→ **Your task**: When you return the data, keep every word exact and include none of the images.

→ **Data extract**:
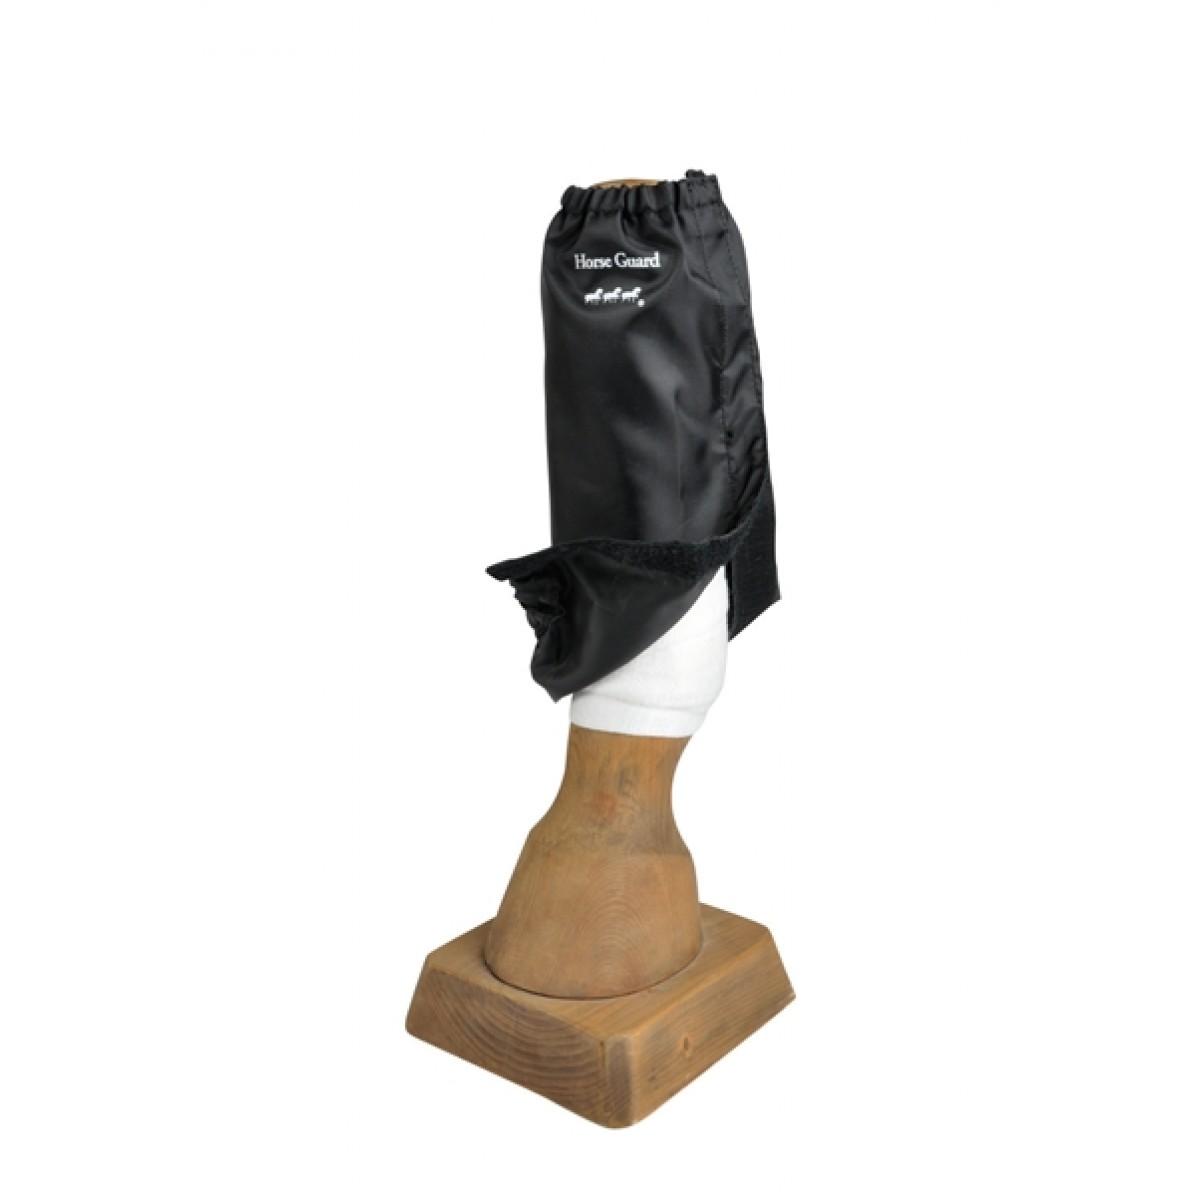 Bandageovertræk
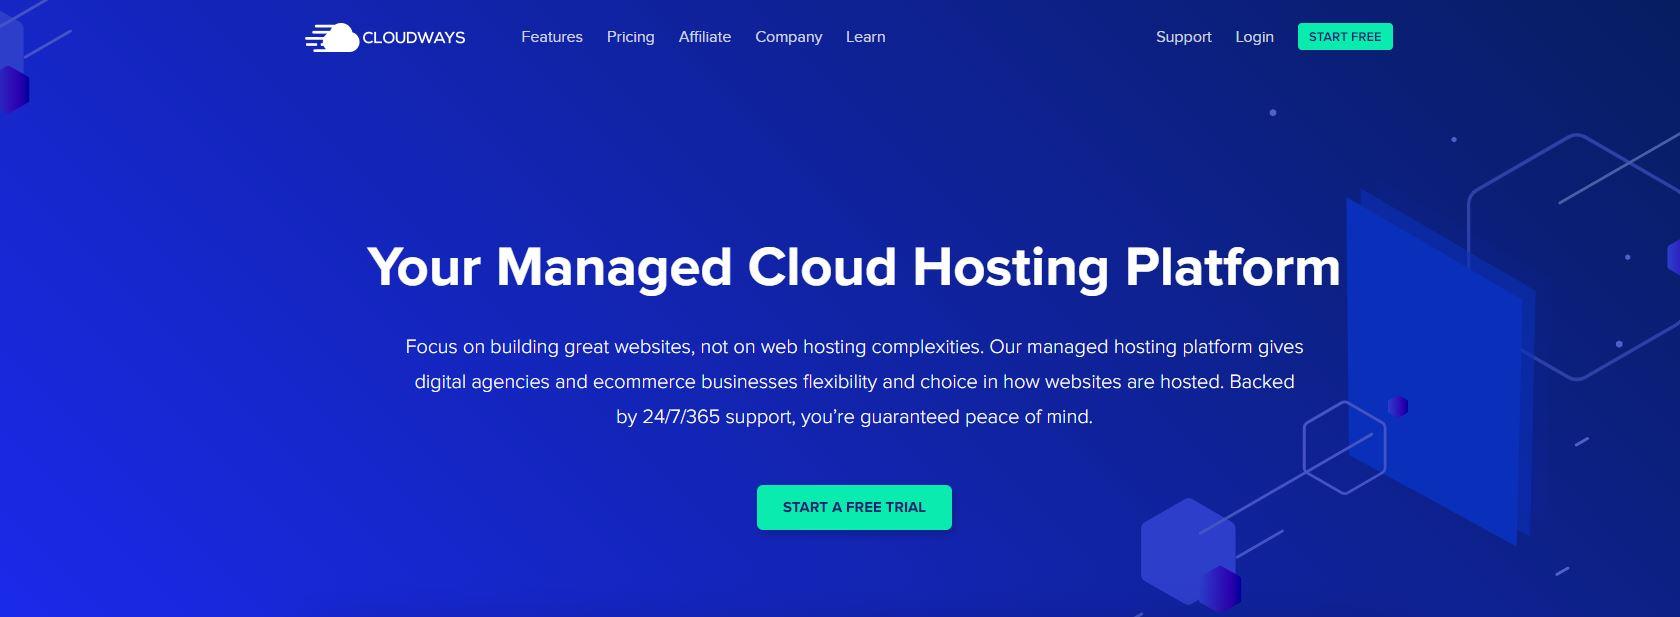 CloudWays cloud hosting
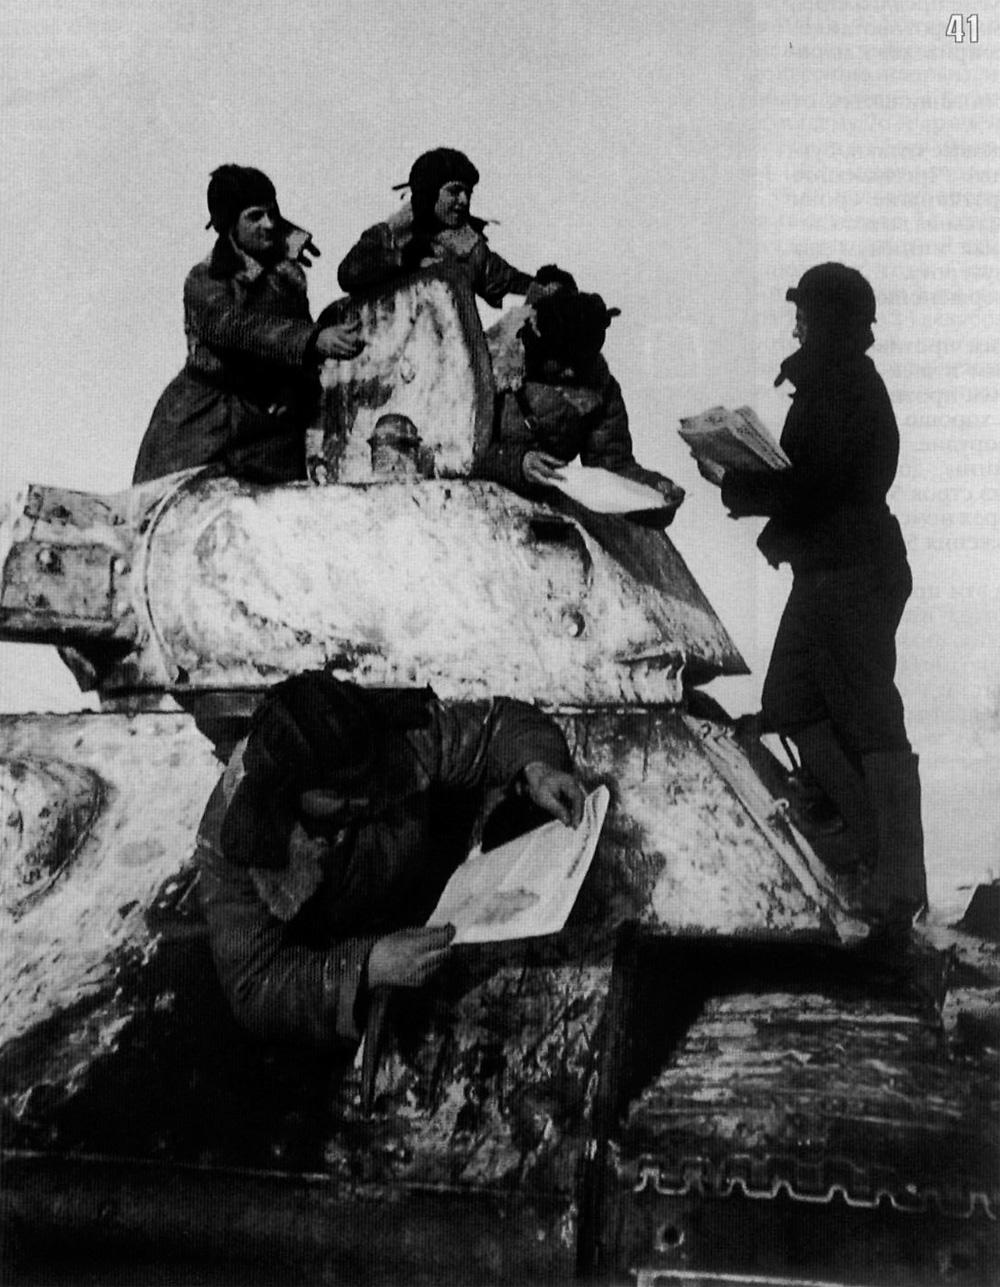 Боевой путь носкова ни в составе 3-й гвардейской танковой армии под командованием рыбалко

→ **Result of this exercise**:
 Bandageovertræk
 CloudWays cloud hosting
 Боевой путь носкова ни в составе 3-й гвардейской танковой армии под командованием рыбалко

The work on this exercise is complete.